Untuk kasus UN SMA, dilihat dari waktu peristiwa tertangkapnya siswa yang membocorkan dan menyebarkan ‘kunci jawaban’, semua terjadi di luar sekolah dan pada waktu sore hari ini berarti bahwa kerawanan ‘pembocoran soal’ terjadi di luar lingkungan sekolah. Ini adalah hal yang masuk akal karena kalau disekolah penjagaan super ketat ada TPI dan Polisi. Nampaknya oknum yang membocorkan soal itu paham sekali liku-liku pengawasan UN jadi tidak berani melakukan hal itu di dalam lingkungan sekolah karena beresiko besar.

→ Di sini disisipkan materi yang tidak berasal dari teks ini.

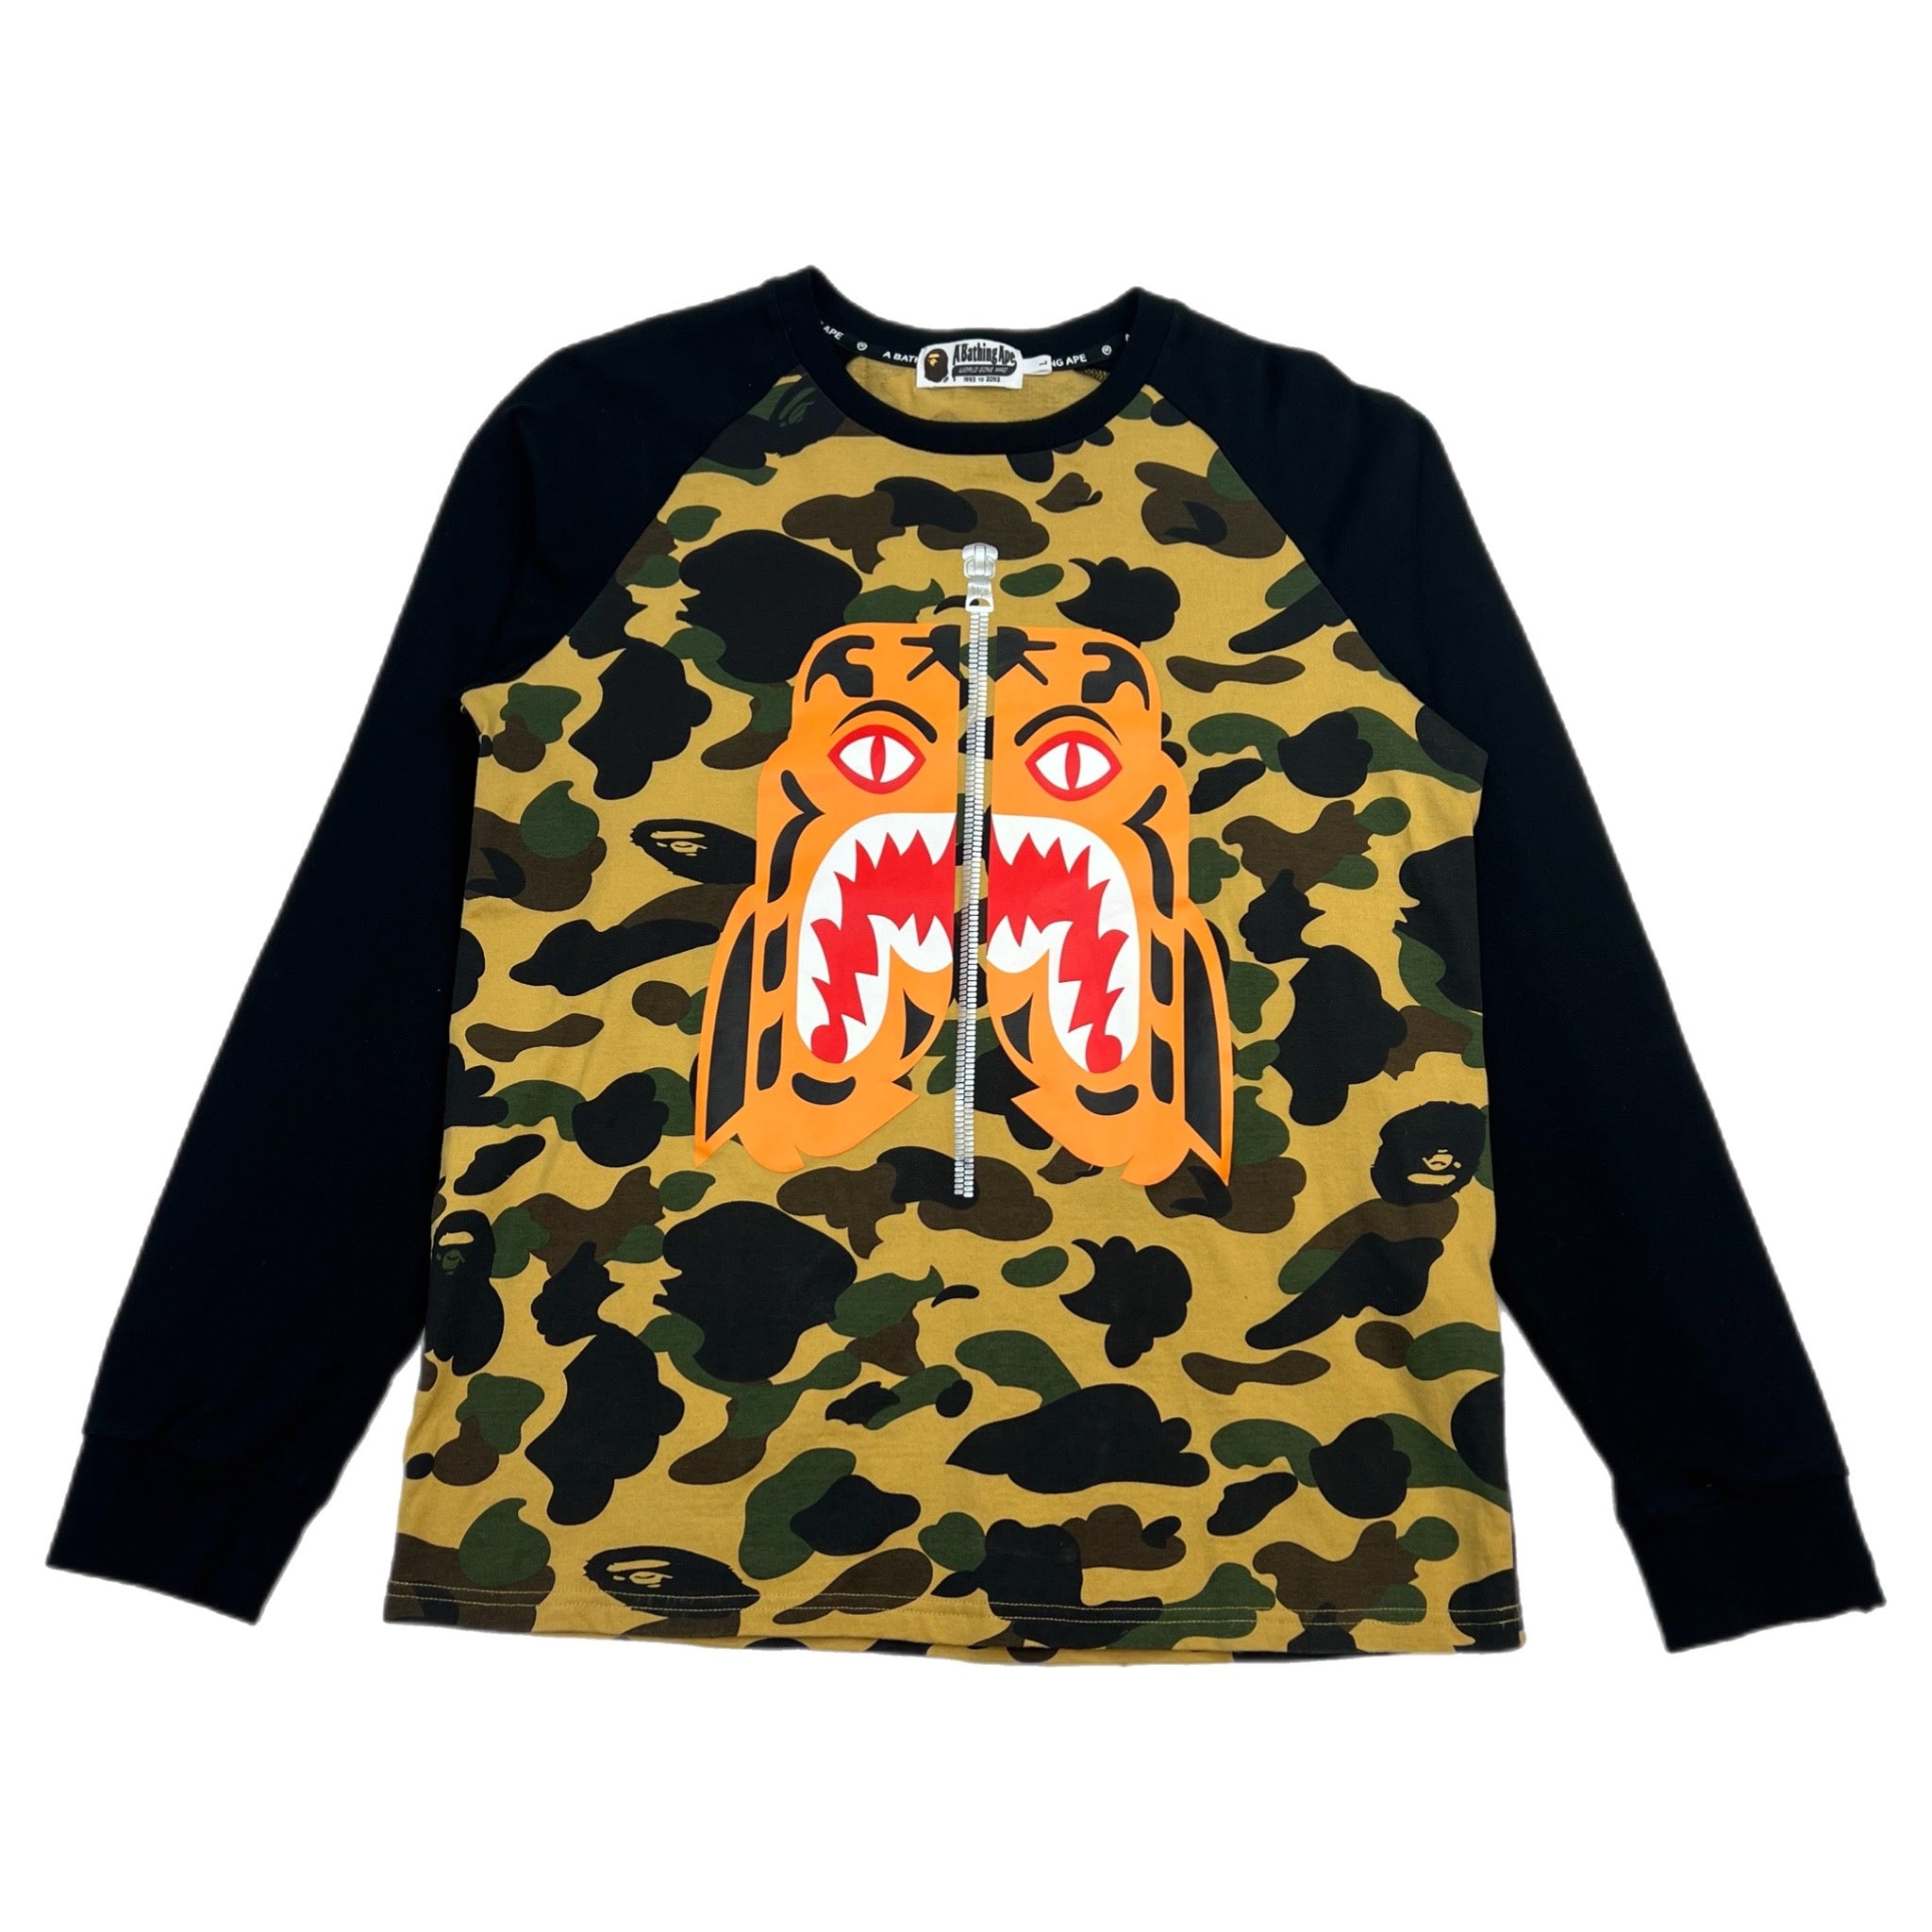 Bape Tiger “Funthera Militia” Long Sleeve Shirt

Pertanyaan mendasar semua ini adalah mengapa bisa demikian?, siapa yang melakukan hal demikian? Karena dengan adanya peristiwa ini yang menjadi korban adalah siswa . Mereka dijadikan alat untuk cuci tangan bagi orang yang ingin mencari ‘keuntungan’. Di sini lagi-lagi yang menjadi korban adalah siswa, seharusnya mereka focus mempersiapkan UN tapi malah berada di kantor polisi untuk diperiksa.
Bila melihat kasus di atas terjadinya kebocoran soal itu terjadi diluar tahapan atau alur penyelenggaraan UN, terpisah dari aktivitas pemantauan TPI. Jadi kalau ada pertanyaan mengapa TPI tidak tahu atau mencegah hal itu terjad, karena hal itu berada di luar kewenangan TPI, TPI tidak berkewajiban menginvestigasi atau menyelidiki tetapi hanya pengawasan sesuai dengan POS (pedoman Operasional Standar) UN yang berlaku.

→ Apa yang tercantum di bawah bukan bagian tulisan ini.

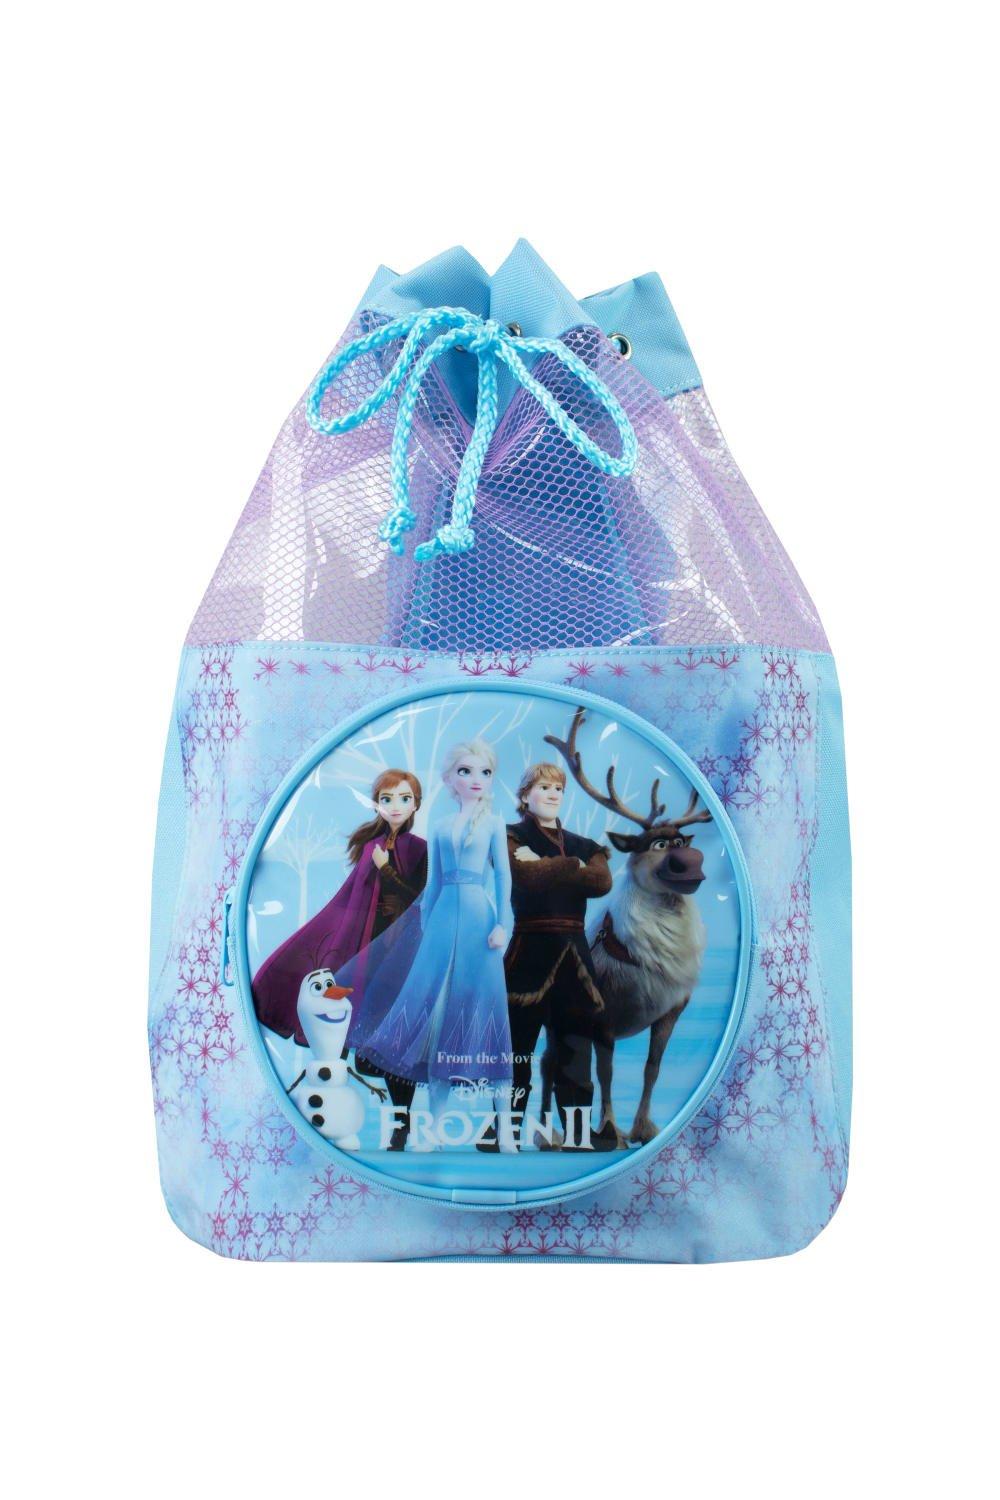 коллекционная игрушка prosto toys детализированная фигурка королева эльза из мультфильма холодное сердце disney Замороженная сумка для плавания Disney, синий

UN dihapuskan atau direvisi ?
Banyak kalangan yang ingin menghapuskan UN (ujian Nasional), tetapi itu adalah hal yang keliru, karena dimanapun yang namanya proses pembelajaran setelah menyelesaikan sebuah program harus dilakukan evaluasi atau ujian. Bila tidak, maka tidak dapat diketahui keberhasilan pembelajaran itu. Namun demikian, mungkin ke depan UN teknisnya harus direvisi. UN harus selaras dengan karakter kurikulum yang berlaku di Sekolah. Apabila pendekatan yang digunakan adalah KTSP (kurikulum Tingkat Satuan Pendidikan) maka ujian nasional pun harus senapas dan selaras dengan kurikulum itu. Bisa dikatakan UN yang sekarang hanya mengukur domain kognitif saja, pada hal dalam KTSP pendekatannya sudah pada domain kompetensi.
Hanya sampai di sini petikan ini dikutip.